- Maintain consistency of messaging, offers and experience for repeat site visitors
- Use Optimizely Web and Full Stack together to drive better results
Optimizely Web and Full Stack products share a common infrastructure and certain resources, such as Stats Engine and Program Management. However, the two products are often used independently of each other by different teams in an organization.
Optimizely Web is typically used by marketing teams to drive higher conversion, increase lead flow, and boost engagement. By contrast, Full Stack is usually used by product teams to improve the user experience across all digital platforms.
Despite these differences, there are times when you might want to run an experiment across both platforms. Doing so can keep messaging, offers, and experiences consistent for any users in a targeted audience after they are bucketed into a variation.
This article will explain how you can use Web and Full Stack in tandem to ensure your experiments don't contradict each other or confuse users with inconsistent experiences.
One example is displaying consistent pricing and packaging offers throughout the acquisition and trial process. Marketing might want to experiment with some packaged configurations for a particular vertical. Once a user has seen a particular packaged offer, they must continue to see it throughout the rest of their interactions with the site, even when they move to the trial phase and the subsequent conversion process.
Another use case is mutually exclusive experiments between Web and Full Stack: i.e. if a user is in Experiment A in Web, then they cannot be in Experiment B in Full Stack, or vice versa.
Example: Consistent pricing and packaging across Web and Full Stack
Let's look at an example where you test two competing pricing and packaging offers against each other:
Pricing and packaging offer A: Support Enterprise @ $99/agent/month + 6 months free guide
Pricing and packaging offer B: Support Enterprise @ $89/agent/month
In this example, User X sees offer A. They continue to see offer A on any subsequent visits. On the third visit, they decide to start a free trial. After they sign up, Optimizely tags them as members of the offer A group. Any future interactions or experiments in Full Stack must continue to use the offer A pricing and packaging.

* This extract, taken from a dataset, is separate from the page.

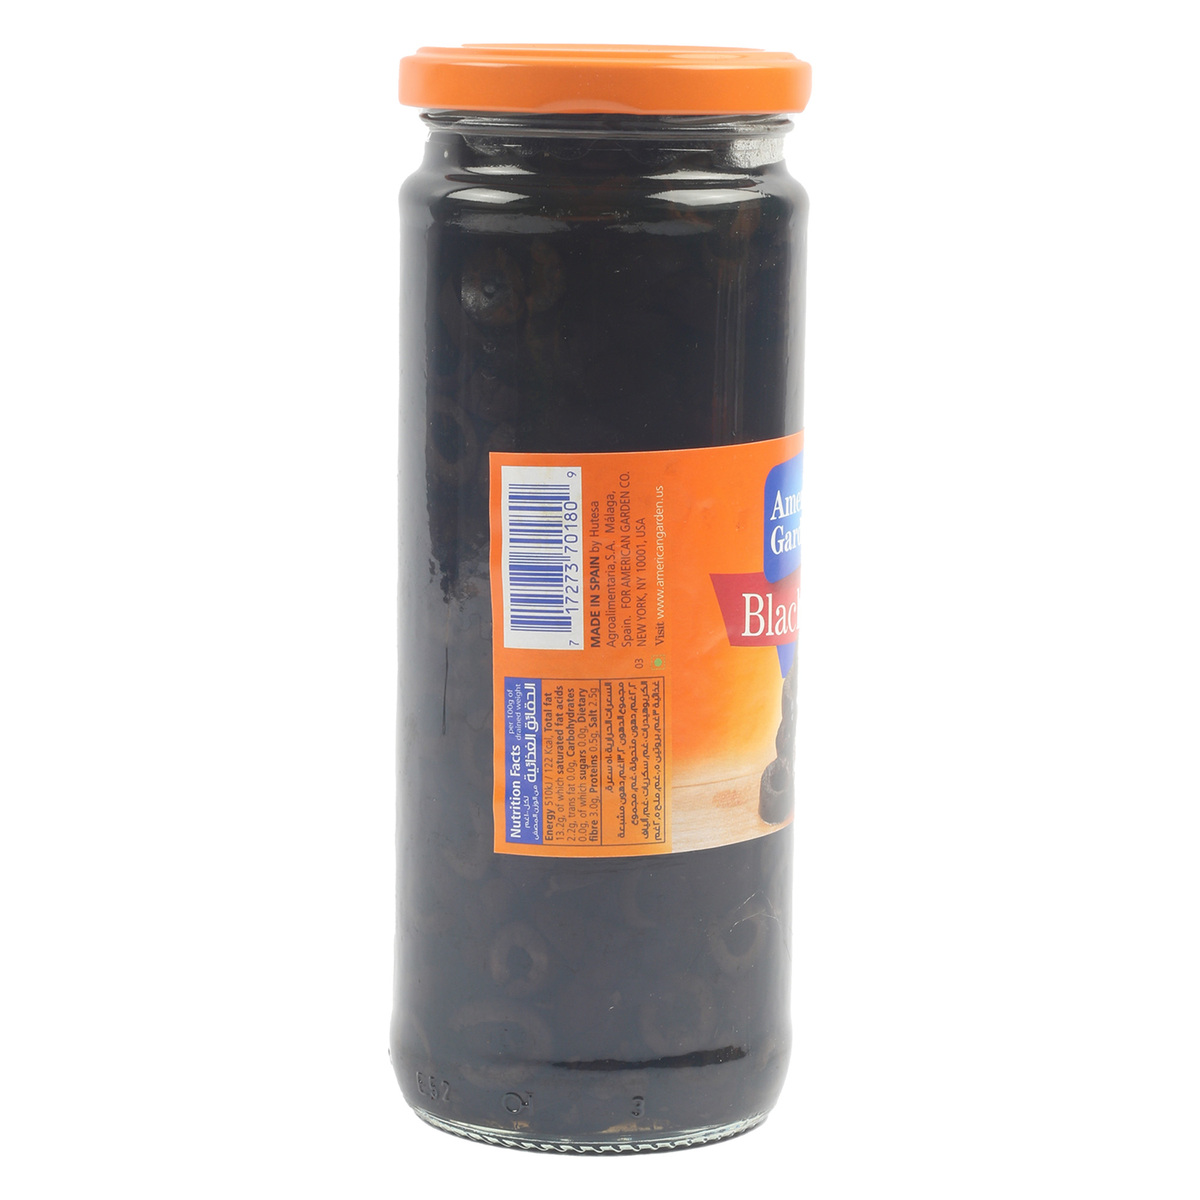 American Garden Sliced Black Olives Value Pack 450 g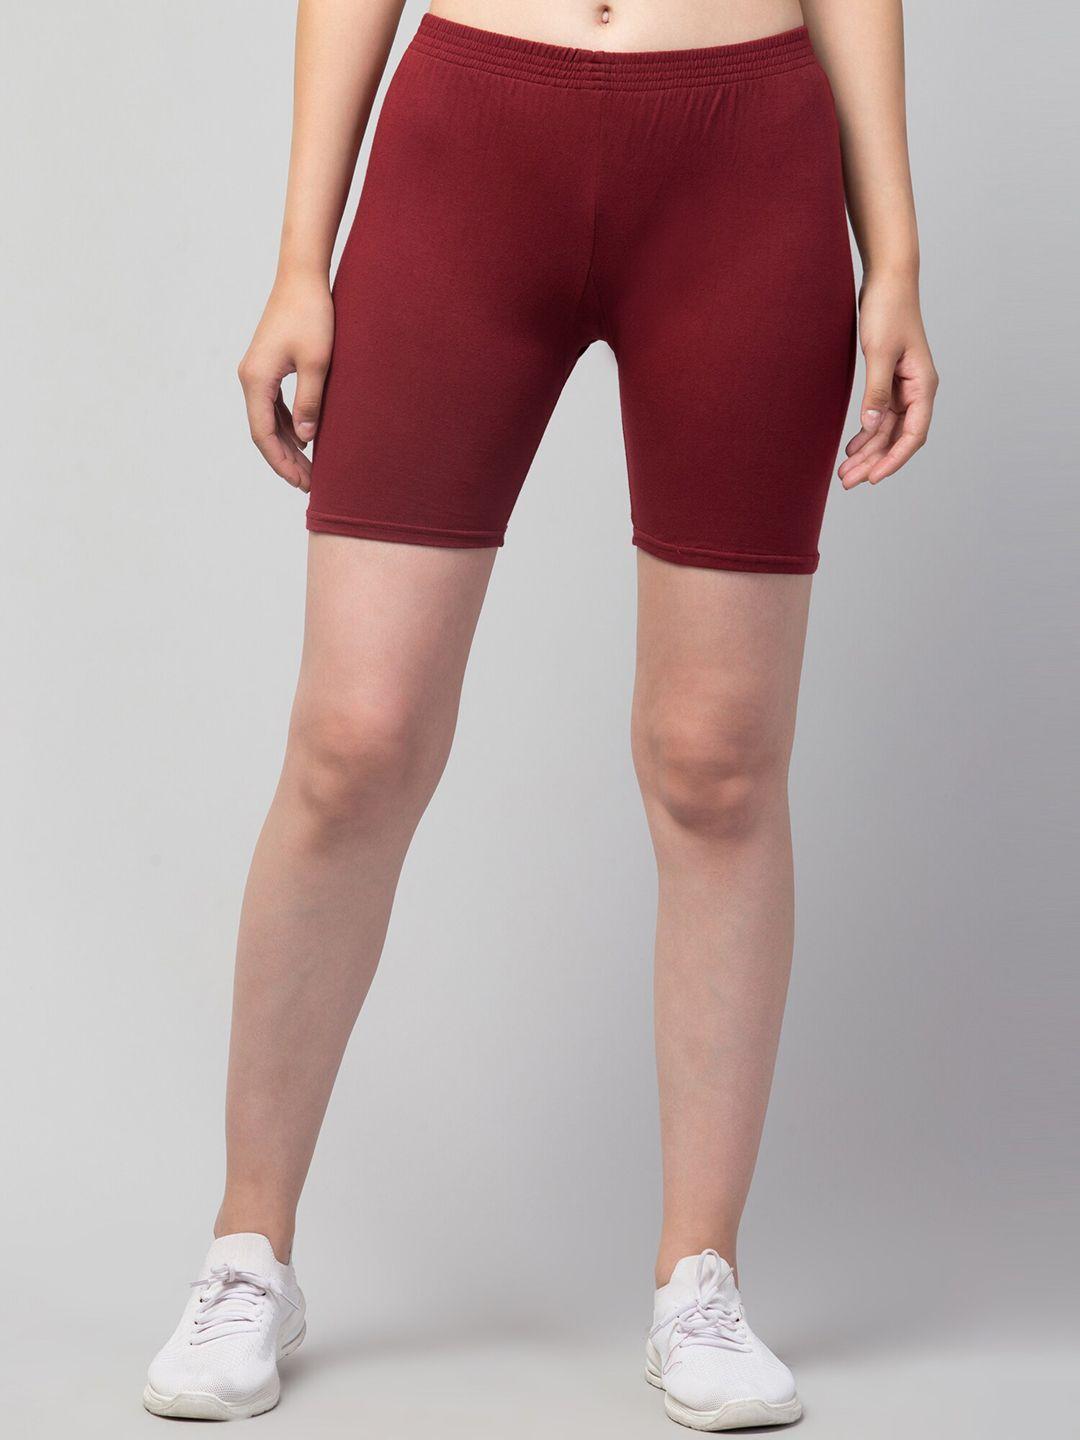 apraa & parma women maroon cycling sports shorts

While User X is on the website, Optimizely uses a cookie to track which bucket they are in and which offer they will see. On their third visit, they decide to sign-up for a free trial (shown in the graphic above as step 1). At that point, the variation ID is captured as an attribute in the user object that is created during the signup process (2). This attribute can then be referenced by any subsequent Full Stack experiments through audience targeting (3) to ensure that the user still sees packaging and pricing information for offer A.
For example, if the Checkout team wants to experiment with two different checkout flows, User X will always see offer A, regardless of which checkout flow they see. When the user converts to a paid customer, the initial offer (offer A) and Full Stack checkout variation (A.A) are recorded (4).